Separately, there’s a test for antibodies in your blood.  That’s an after-the-fact test, and tell you whether you were, at some time in the past, infected.  Typically, those antibodies only show up weeks after infection, at which point, you typically are no longer carrying or shedding the virus.

I got an email today, from a colleague pointing me to an article in yesterday’s Atlantic.  Turns out, the reason Virginia’s testing numbers started to go way up, without a commensurate rise in count of infected persons, is that they started combining the count of antibody tests with the count of DNA tests.  At least, that’s what was reported today in The Atlantic.  Thankfully, Virginia  has the sense not to include positive antibody tests among the count of infected cases, per their May 7 posting on how they calculate testing rates.

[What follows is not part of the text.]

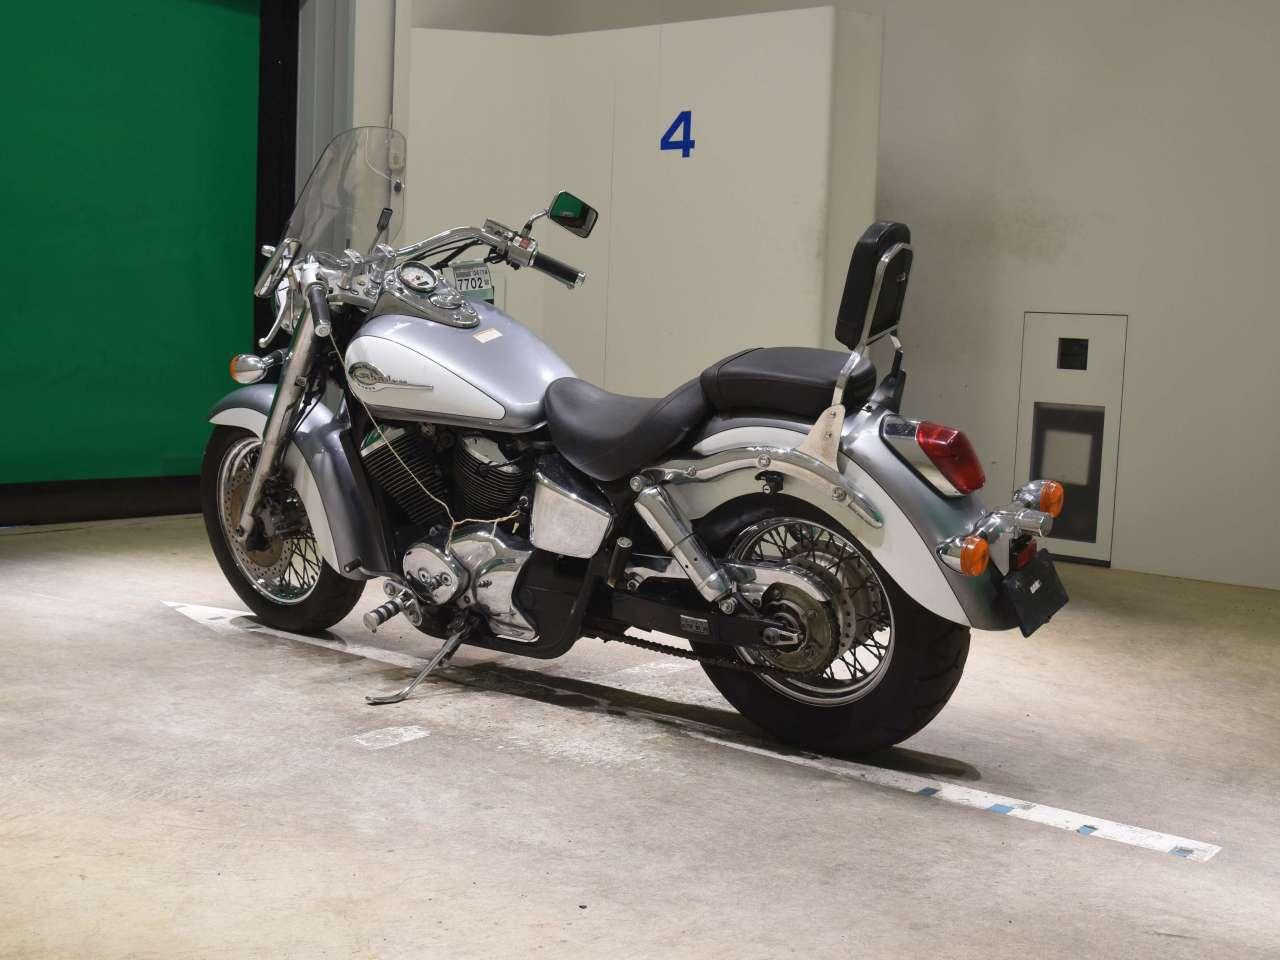 МОТОЦИКЛ HONDA SHADOW 400 2001  Артмото - купить квадроцикл в украине и харькове, мотоцикл, снегоход, скутер, мопед, электромобиль

But the upshot is that this graph, from the Commonwealth, is no longer interpret-able as showing that testing to find infected people has gone up.  Fact of the matter is, unless the Commonwealth chooses to separate out the viral DNA (polymerase-chain-reaction or PCR test), you have no idea whether testing for active coronavirus infection has gone up or now.

All the more reason to understand that the increase in new infections isn’t an artifact of increased testing, as I discussed in an earlier post.  In fact, based on what Virginia reports, we can’t even be sure that there is “increased testing”.  At least, not of the sort that is used to find infected individuals.